Anzitutto i personaggi e gli obiettivi che si proponevano. Mettendo in chiaro questi due elementi sapremo che cosa è stato il Risorgimento, se sia un fenomeno storico da tempo concluso e archiviato oppure ancora vitale per i sentimenti che lo suscitarono e che sono tuttora operanti.
Il grosso della popolazione che abitava l´Italia di allora era composto da contadini. Dovunque, dalle Alpi alla grande pianura dove scorrono il Po e i suoi affluenti, alla dorsuta catena degli Appennini fino al tacco delle Puglie e alla punta delle Calabrie, alle isole di Sicilia e Sardegna.

Contadini braccianti che lavoravano novanta giorni l´anno e si sfamavano con un tozzo di pane, cipolle, fagioli, polenta, cetrioli e peperoni. Il resto dell´anno vivevano in tuguri e borghi arrampicati, spesso malarici, dispersi nei latifondi dei padroni.

Parlavano i loro dialetti, lingue incomprensibili al di fuori del loro circondario. «Una d´arme, di lingua, di altare» scrisse Manzoni, ma non era vero né per le armi (salvo il coltello) né per la lingua. Per l´altare sì, era vero, ma ogni paese aveva i suoi santi, le sue liturgie, le sue superstizioni, i suoi dei locali, invidiosi degli altri.
I contadini erano a loro modo un popolo per il fatto stesso di lavorare la terra con la pala, la zappa e il chiodo dell´aratro, ma questo era il solo elemento comune.
L´Italia era per loro parola sconosciuta.
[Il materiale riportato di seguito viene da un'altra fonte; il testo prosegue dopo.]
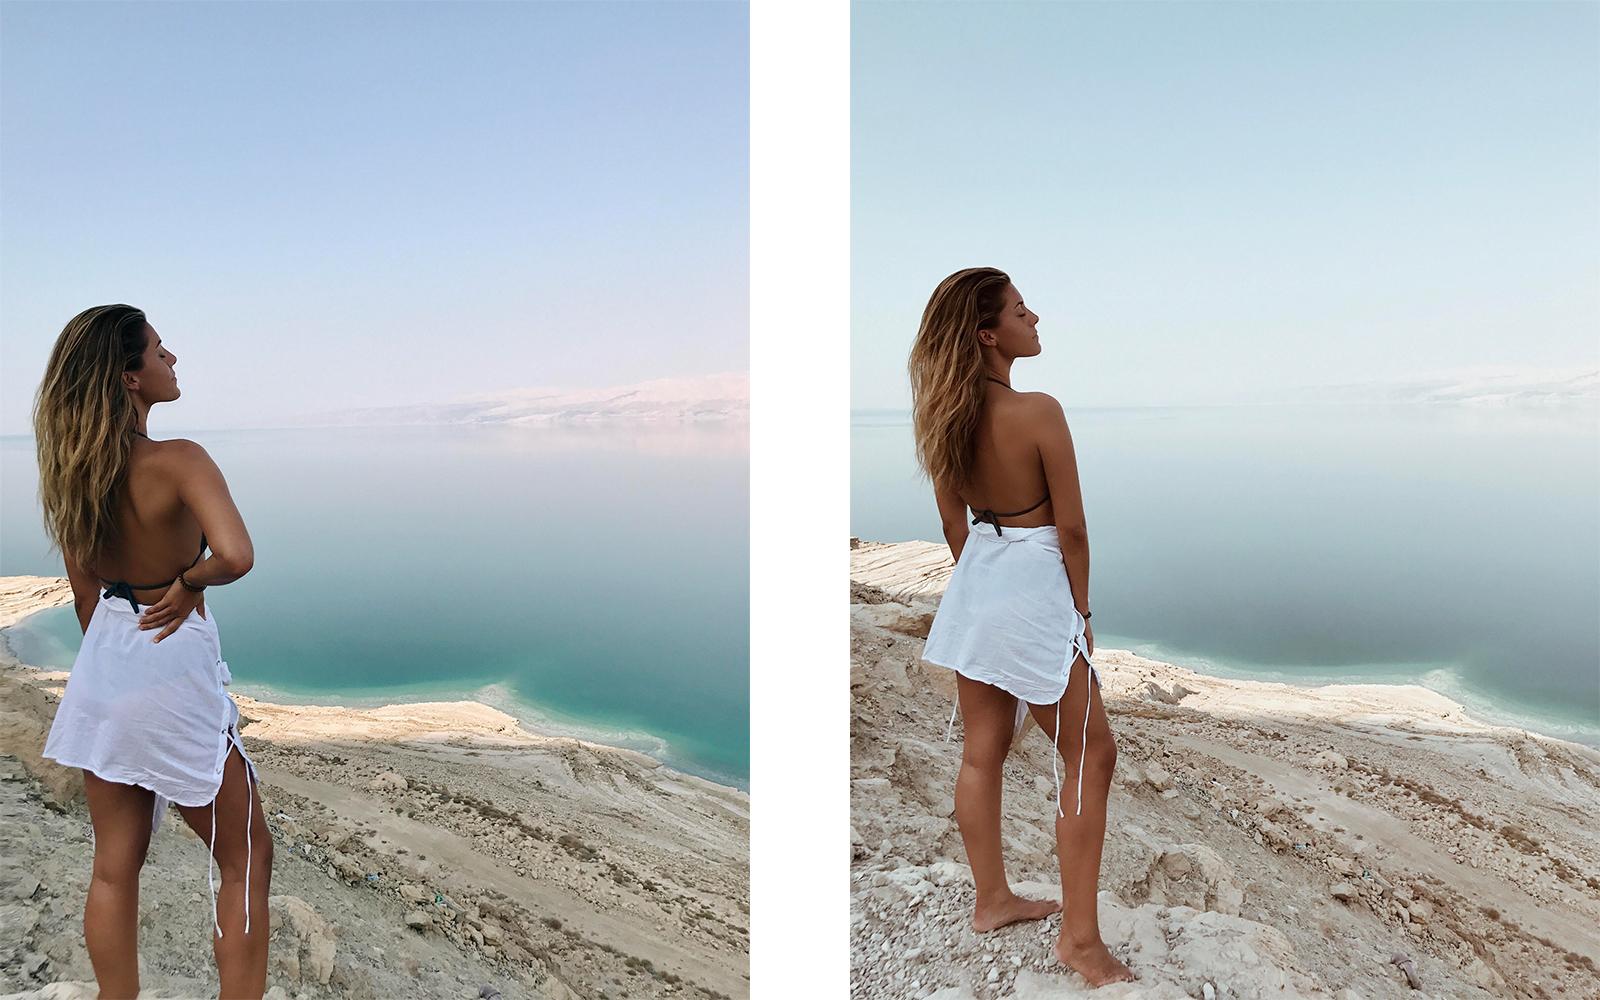 bianca blogg israel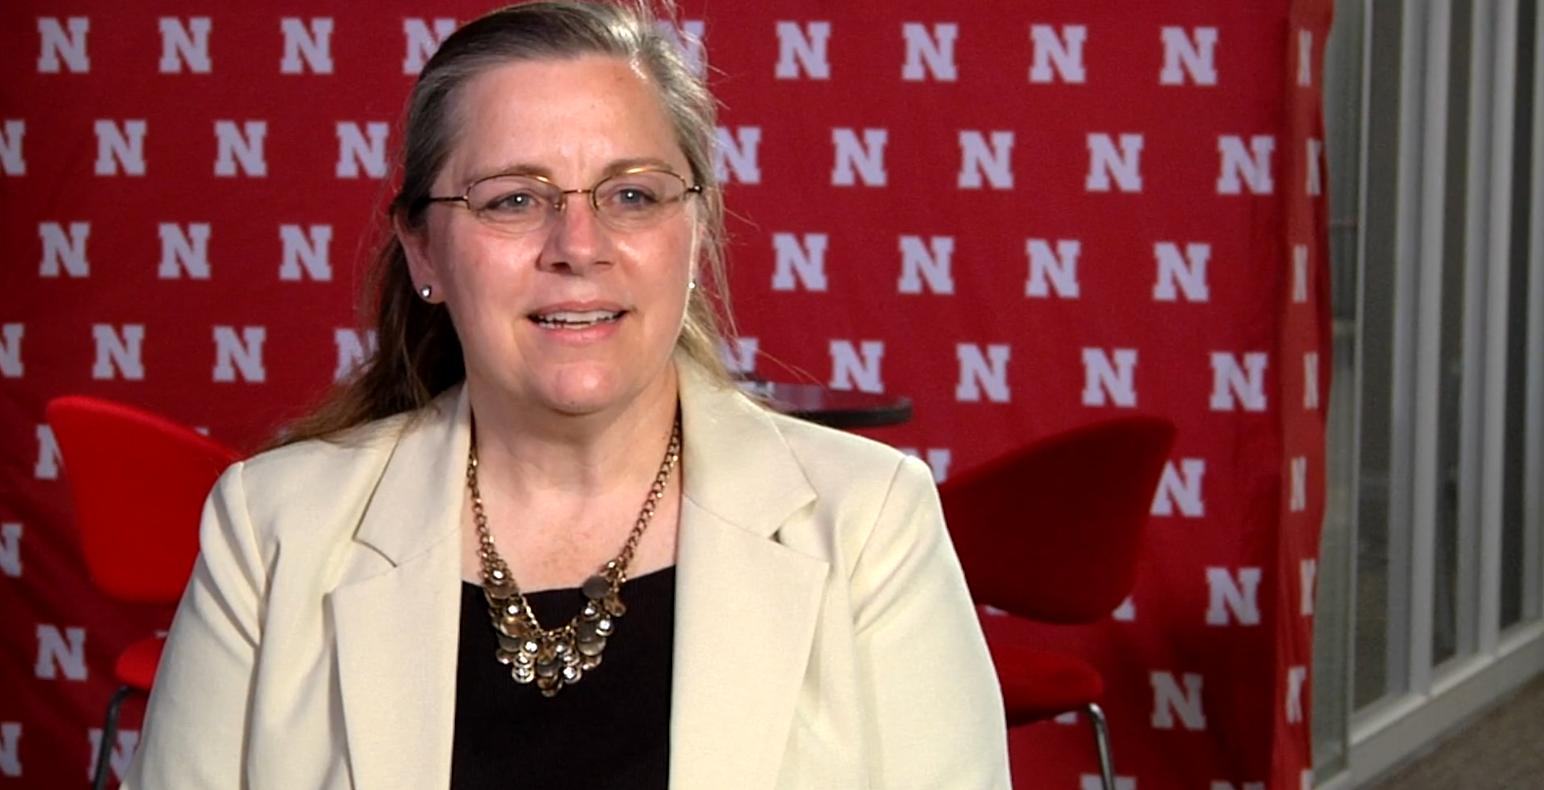 She's a Scientist: Karen Stelling

Nelle città era diverso. C´erano tradizioni civili e c´era una storia comune; mille comuni, mille storie. C´erano commerci, contatti con altri paesi e c´era, al di là del dialetto, una seconda lingua, una lingua “franca”, quella di Dante, dei poeti, degli scrittori, dei maestri di scuola, dei giornali. C´era insomma una pubblica opinione.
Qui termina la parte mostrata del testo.